Using =~ to Include and Omit in same line

W

Walt

In the following single line @URLs will contain all urls from $omsg.

@URLs = ($omsg =~/(\Shttp:\/\/| http:\/\/|\shttp:\/\/)(.*?)(<br>|\n|\r|
)/gi);


What I would like to have is a way to scan in the same line if there
is an equal sign in front of http and if so, omit it.


Is there a way to do it within the single line?
 
D

David Squire

Walt wrote again, having just done so under the subject "PERL Search and
Replace":
In the following single line @URLs will contain all urls from $omsg.

@URLs = ($omsg =~/(\Shttp:\/\/| http:\/\/|\shttp:\/\/)(.*?)(<br>|\n|\r|
)/gi);


What I would like to have is a way to scan in the same line if there
is an equal sign in front of http and if so, omit it.
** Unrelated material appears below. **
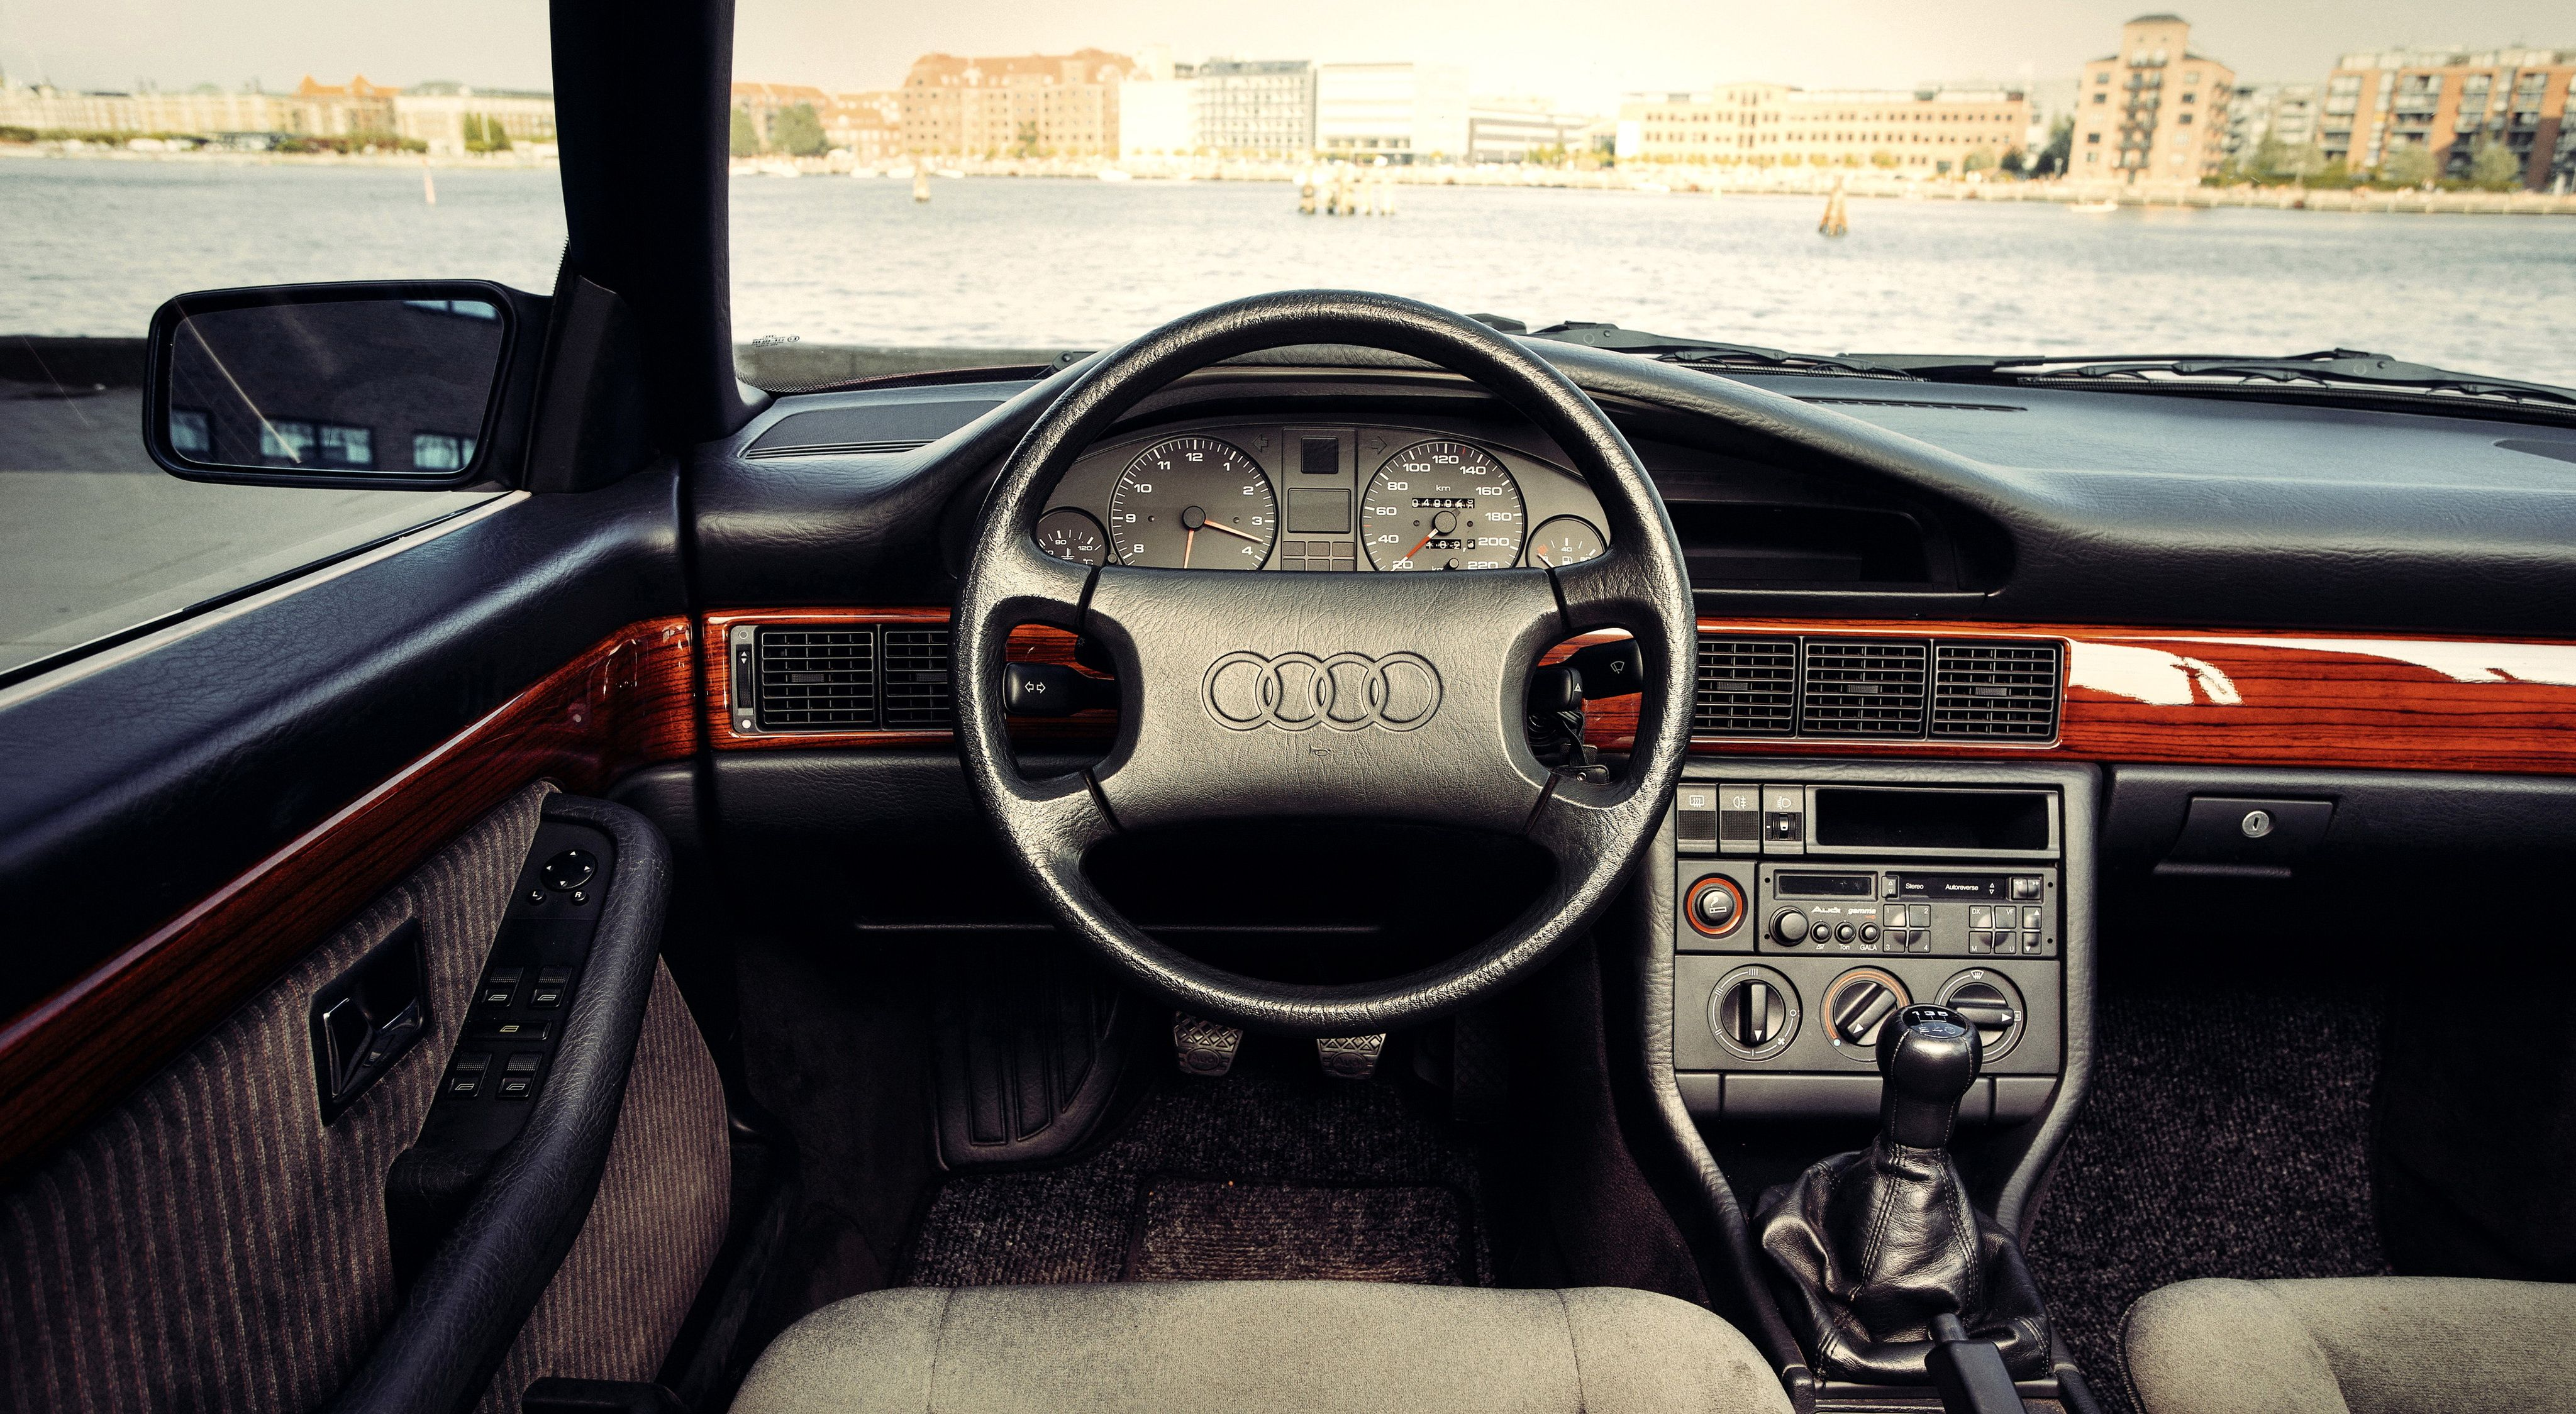 Pin on Retro Interiors Cars

Is there a way to do it within the single line?

Please do not post the same thing twice.

Regards,

DS
 
X

Xicheng Jia

Walt said:
In the following single line @URLs will contain all urls from $omsg.
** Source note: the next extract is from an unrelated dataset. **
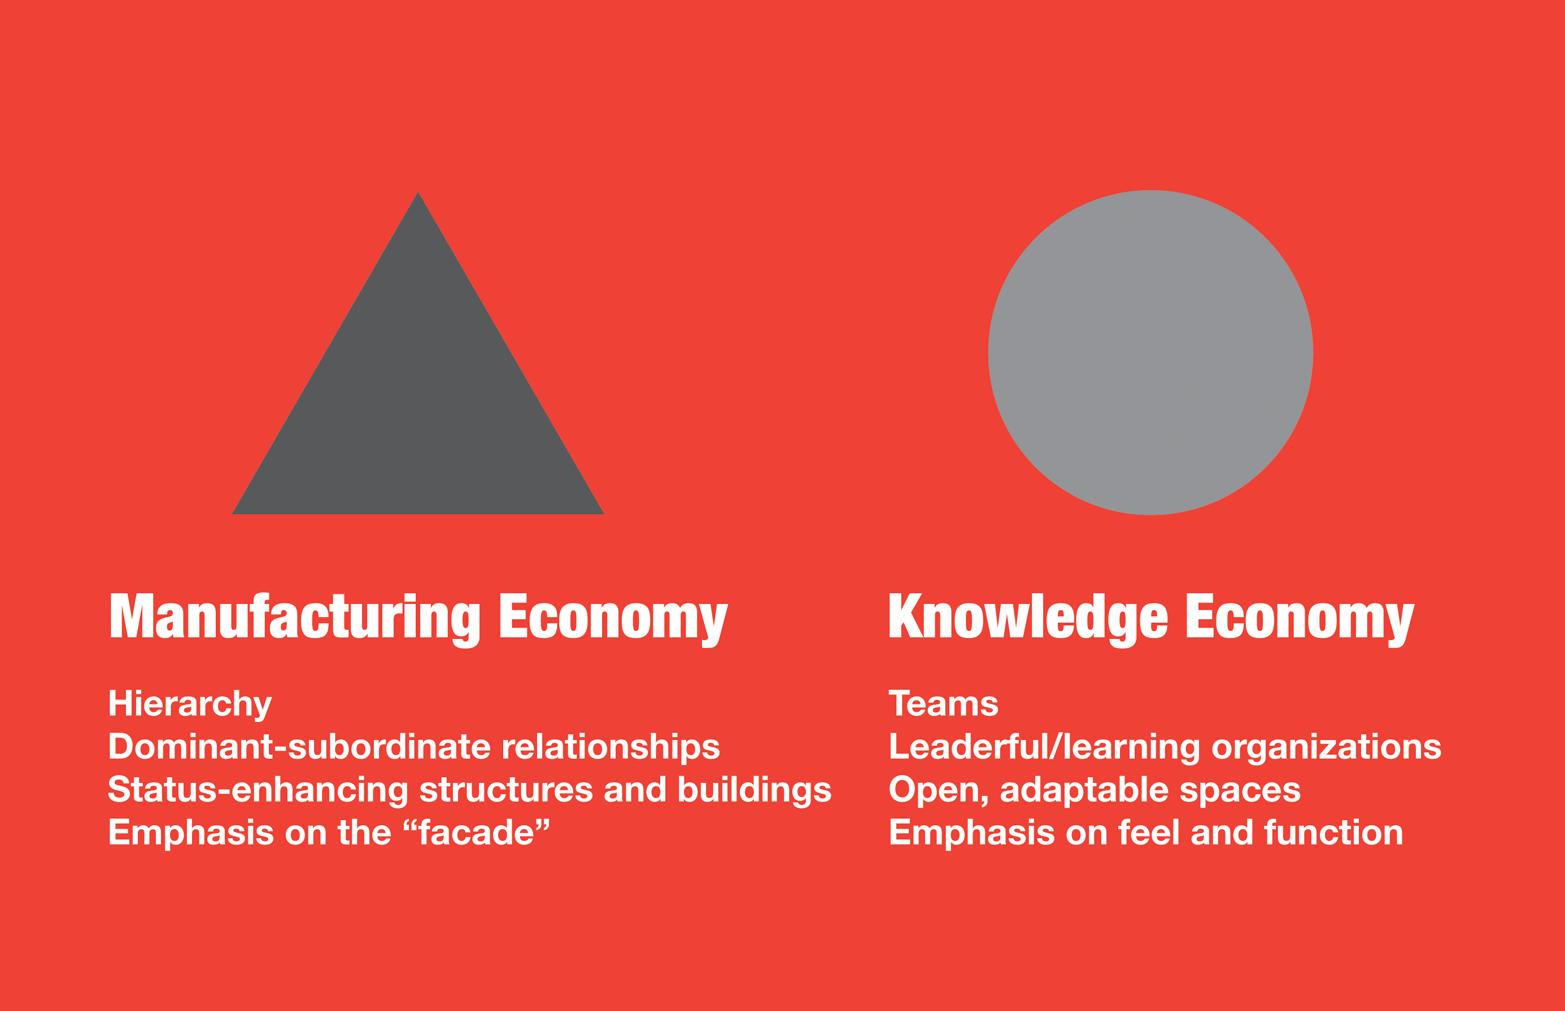 Examining organizational structure

@URLs = ($omsg =~/(\Shttp:\/\/| http:\/\/|\shttp:\/\/)(.*?)(<br>|\n|\r|

what do you want to achieve here

(\Shttp:\/\/| http:\/\/|\shttp:\/\/)

which is about the same(if dont count newline) as:

(.http:\/\/)
)/gi);


What I would like to have is a way to scan in the same line if there
is an equal sign in front of http and if so, omit it.

try the following:
([^=]http:\/\/)
(?!=)(.http:\/\/)
(.(?<!=)http:\/\/)

(untested)

Xicheng
 
J

J. Gleixner

Walt said:
In the following single line @URLs will contain all urls from $omsg.
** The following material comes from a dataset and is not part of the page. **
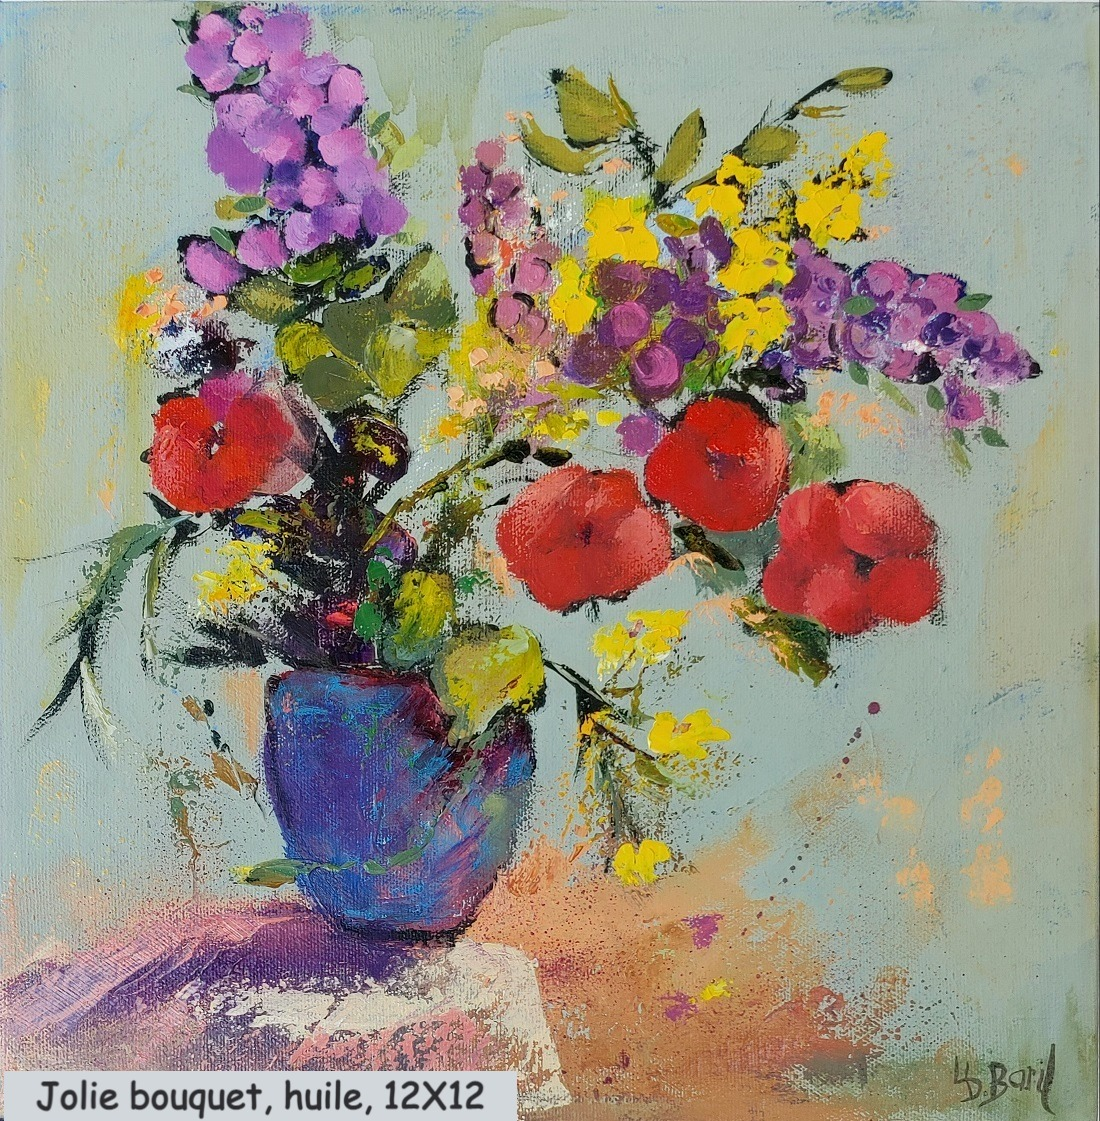 Joli bouquet, huile, 12X12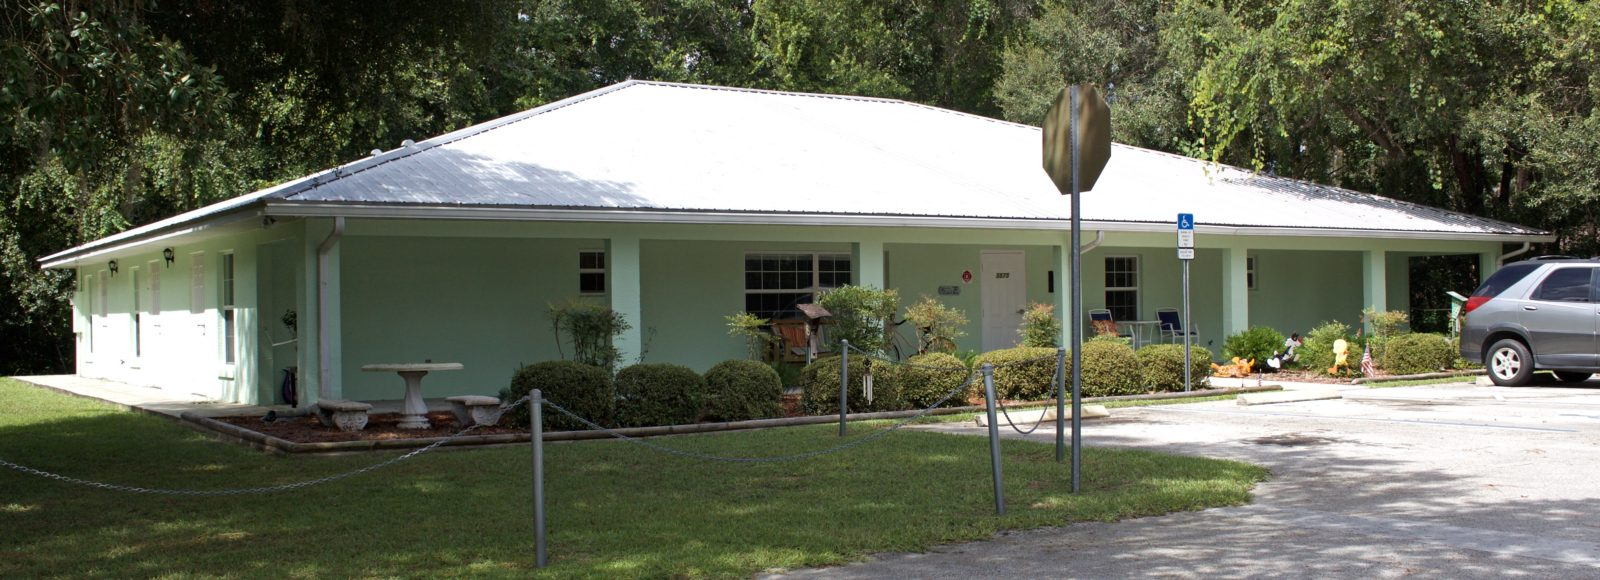 Contento Cottage

@URLs = ($omsg =~/(\Shttp:\/\/| http:\/\/|\shttp:\/\/)(.*?)(<br>|\n|\r|
)/gi);


What I would like to have is a way to scan in the same line if there
is an equal sign in front of http and if so, omit it.


Is there a way to do it within the single line?


? - Matches 1 or 0 times.

perldoc perlretut

You probably want to look at what \S and \s actually match, or don't match.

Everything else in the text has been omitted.